Let’s start by refining our image and environment:
image = (
modal.Image.debian_slim()
.apt_install("ffmpeg")
.pip_install("openai-whisper", "faster-whisper")
.copy_local_file(
local_path="/<path-to-our-local-file>/<filename>.m4a",
remote_path="./tmp/",
)
)
app = modal.App(image=image)
And update our run_remote
function with what we’ll need for transcribing an audio file:
@app.function(gpu="t4")
def run_remote():
print("This code is running on a remote worker!")
import time
import whisper
from faster_whisper import WhisperModel
file_path = "/tmp/<filename>.m4a"
whisper_model = whisper.load_model("tiny.en")
t1 = time.perf_counter()
result = whisper_model.transcribe(file_path)
print("time passed with openai-whisper: ", time.perf_counter() - t1)
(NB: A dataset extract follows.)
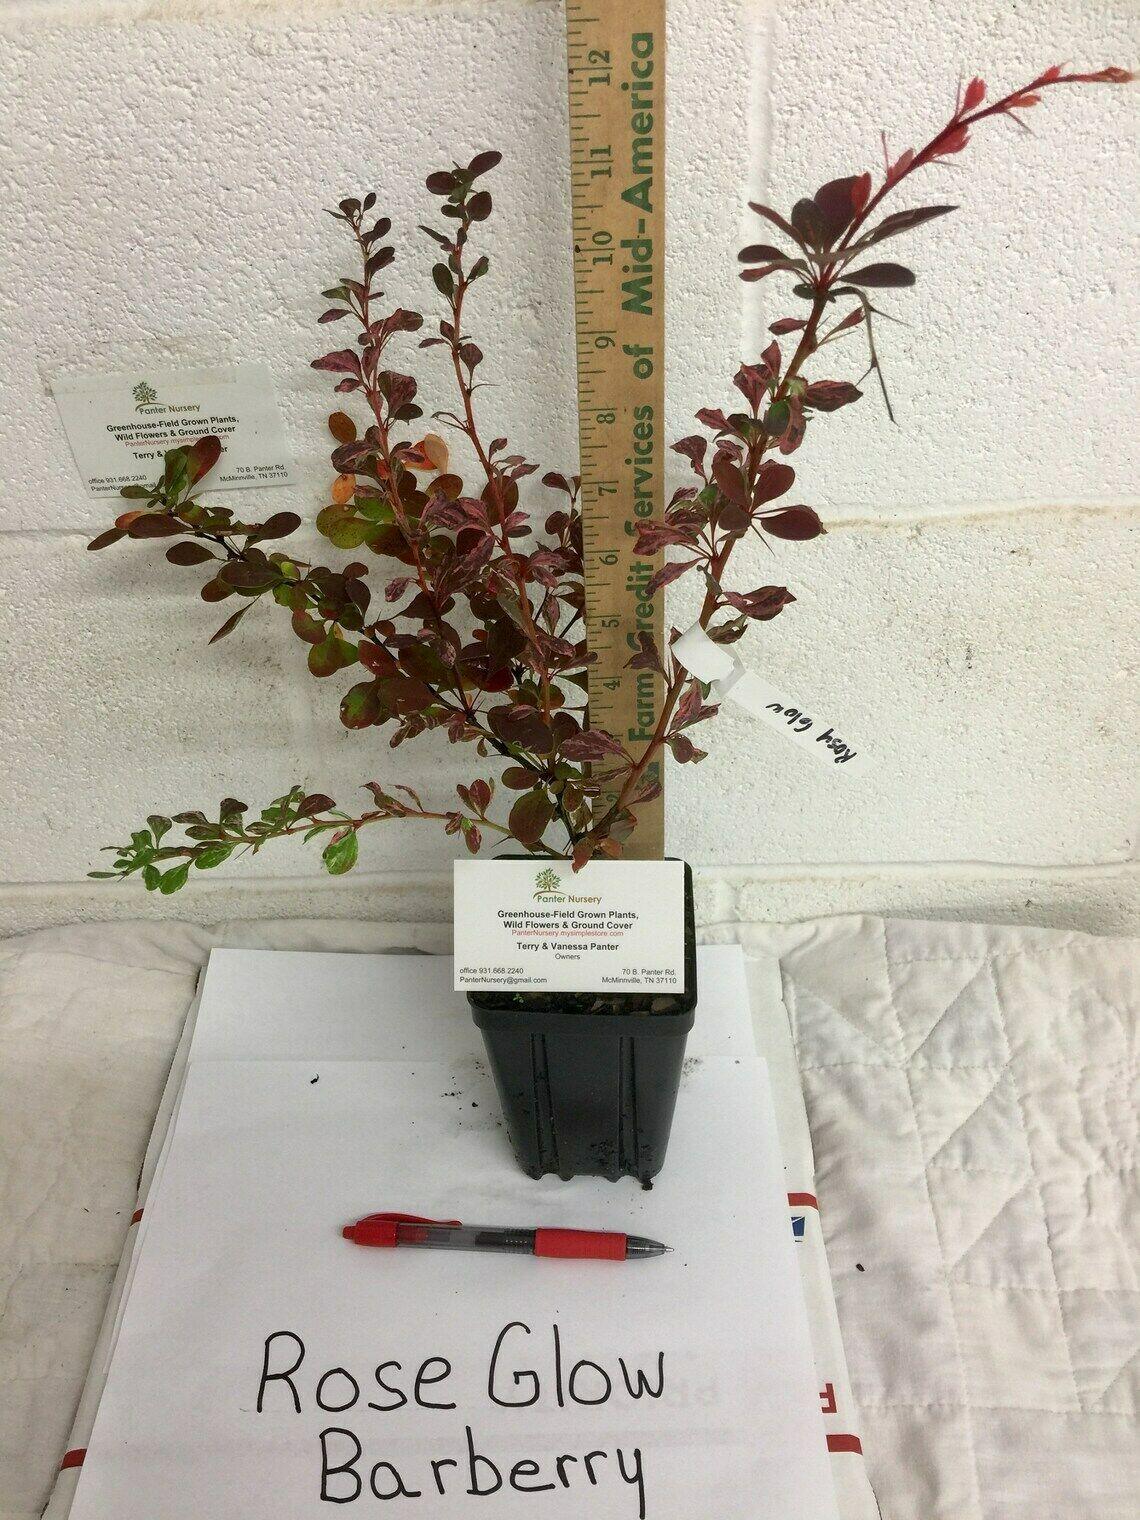 Rose Glow Barberry Shrub, 6-12" Tall Live Plant, Berberis thunbergii 'Rose Glow' - The Nursery Center
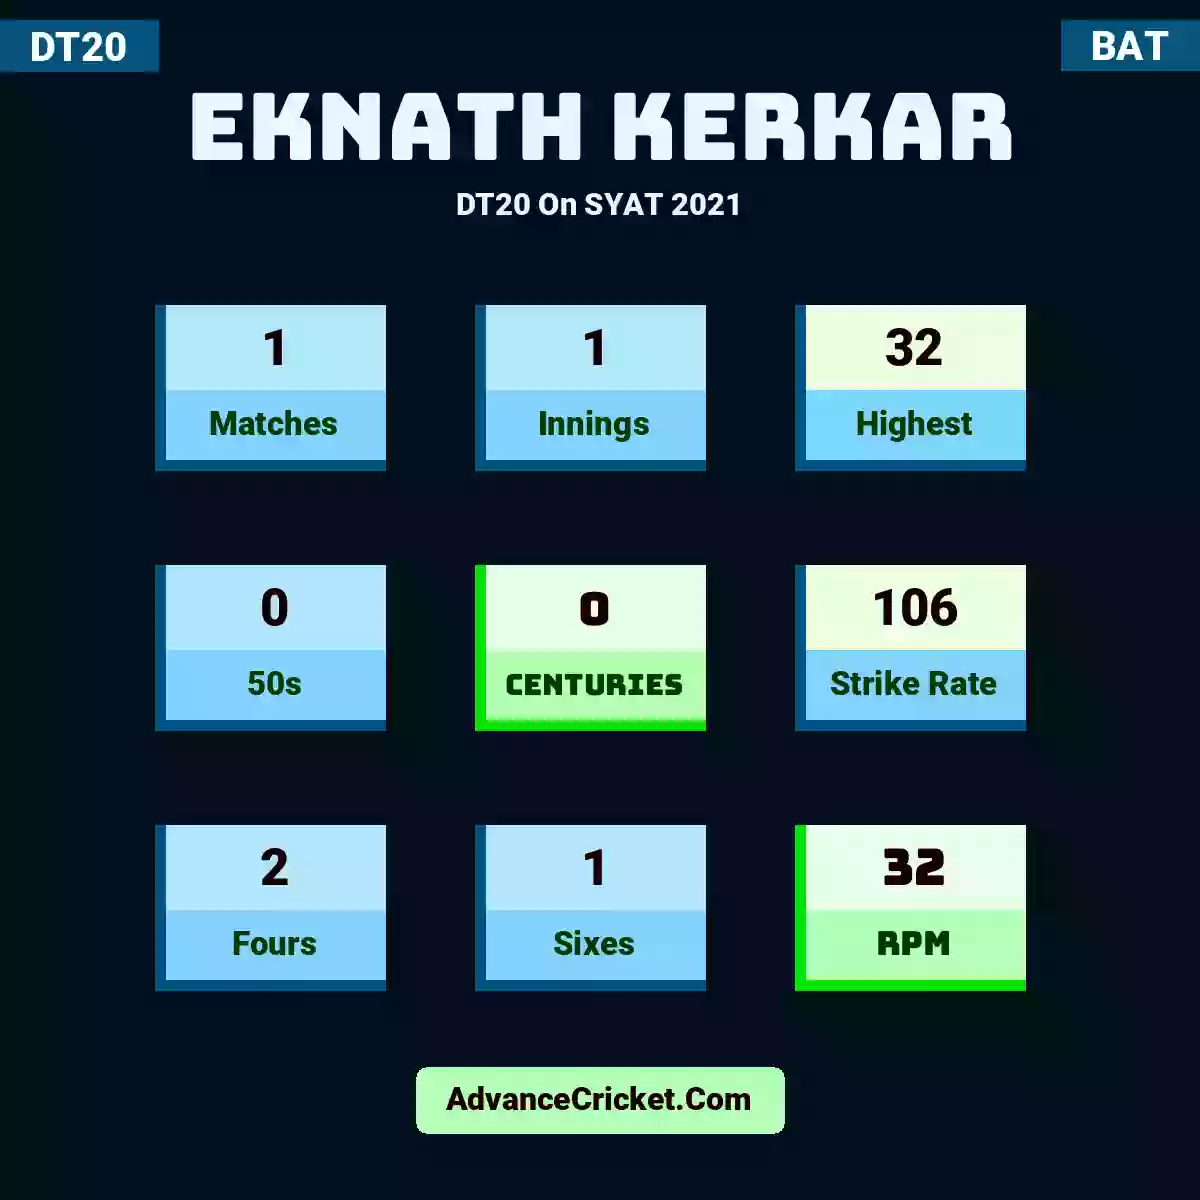 Eknath Kerkar DT20  On SYAT 2021, Eknath Kerkar played 1 matches, scored 32 runs as highest, 0 half-centuries, and 0 centuries, with a strike rate of 106. E.Kerkar hit 2 fours and 1 sixes, with an RPM of 32.

model = WhisperModel("tiny.en", device="cuda", compute_type="float16")
t1 = time.perf_counter()
segments, info = model.transcribe(file_path, beam_size=5)
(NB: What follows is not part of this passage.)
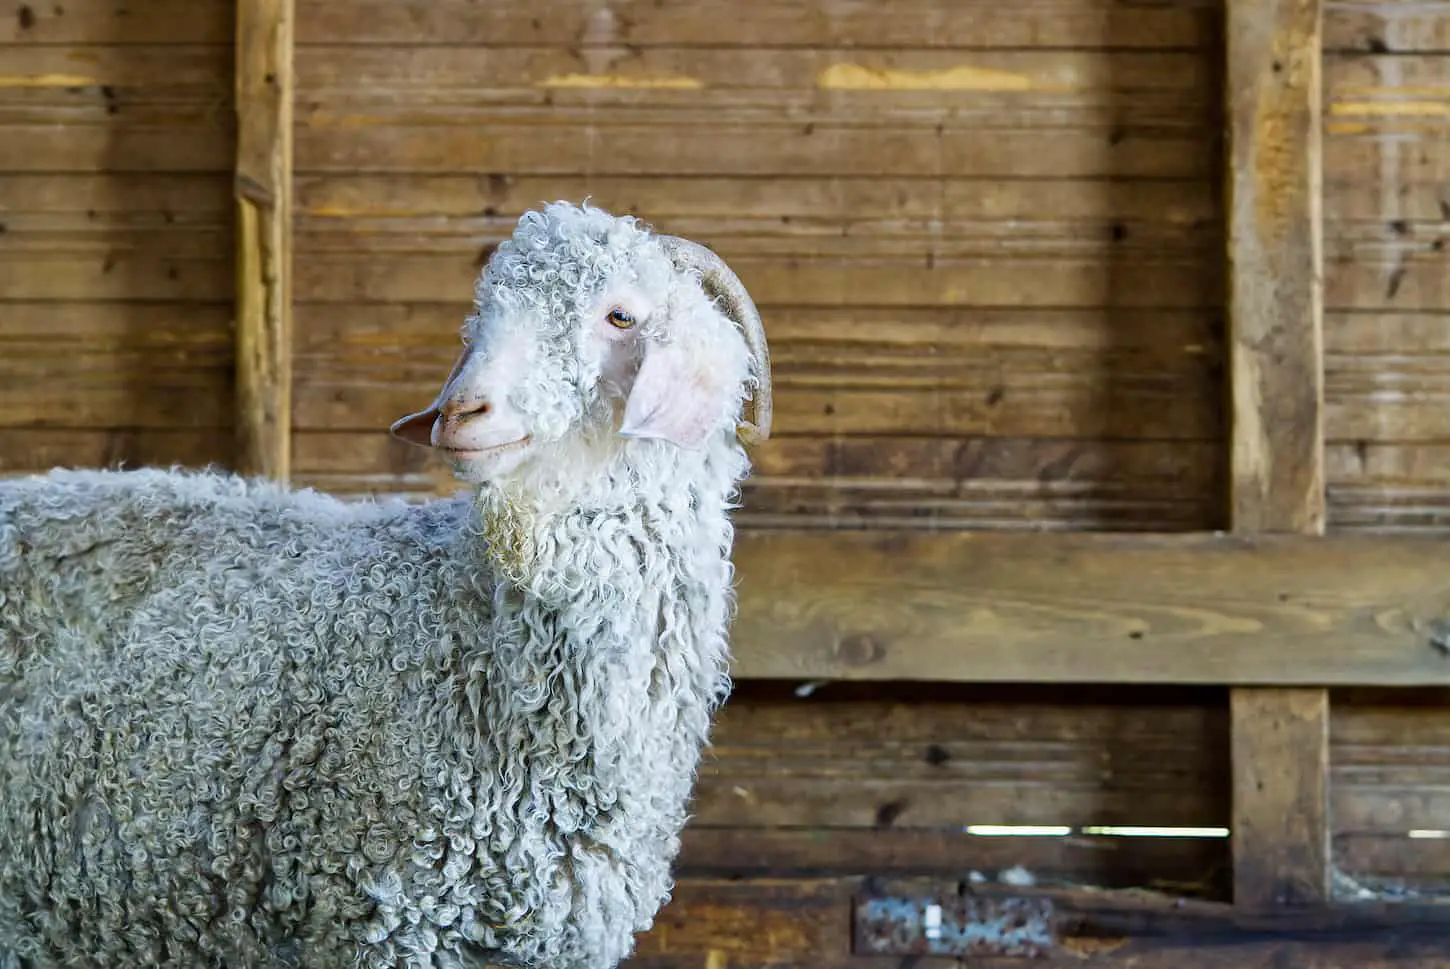 Should Goats Be Locked Up At Night?

## note: `segments` is a generator, so we'll need to iterate over it to
## be able to get the transcription.
segments_result = list(segments)
print("time passed with faster-whisper: ", time.perf_counter() - t1)
return
@app.local_entrypoint()
def main():
run_remote.remote()
Note that we need to include the import
s inside our run_remote
function, as that’s what actually will be getting executed on the remote instance.
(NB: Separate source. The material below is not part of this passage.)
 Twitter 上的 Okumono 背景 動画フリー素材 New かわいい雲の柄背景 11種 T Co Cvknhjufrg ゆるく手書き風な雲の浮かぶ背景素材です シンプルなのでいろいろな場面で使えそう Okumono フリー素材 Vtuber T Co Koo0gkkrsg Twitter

This is all we need, and by running the modal run my_code.py
command and waiting for our audio to get transcribed (twice in this case), we should get the following result (of course, the actual values of time passed
will be different depending on what GPU instance you use and the length of the file):
We can see that by running this transcription process on GPU, we reduced the time it takes to do the job from 120 seconds to 31 and 14 seconds. A very nice achievement, but we should take the important factor of pricing into account as well (maybe in a future post).
Troubleshooting
If you’re getting the following error when running faster-whisper
(or any other code) with cuda
:
Could not load library libcudnn_ops_infer.so.8. Error: libcudnn_ops_infer.so.8: cannot open shared object file: No such file or directory
you can fix it by explicitly setting the path of the cuda
installations in your image definition using env
(took me some time to figure out this fix):
image = (
modal.Image.debian_slim(python_version="3.11")
.env(
{
"LD_LIBRARY_PATH": "/usr/local/lib/python3.11/site-packages/nvidia/cublas/lib:/usr/local/lib/python3.11/site-packages/nvidia/cudnn/lib"
}
)
.apt_install("ffmpeg")
.pip_install("openai-whisper", "faster-whisper")
.copy_local_file(
local_path="/<path-to-our-local-file>/<filename>.m4a",
remote_path="./tmp/",
)
)
app = modal.App(image=image)
Using Jupyter
notebook
If you’d like to have a quick exploration using a jupyter
notebook, you can run the following command to spin up a GPU instance and experiment with your code:
modal launch jupyter --gpu t4
Note that you’ll be using your credit for the whole amount of time that this jupyter
instance is up, even if you don’t run any code. Make sure to stop it by terminating the command on your terminal.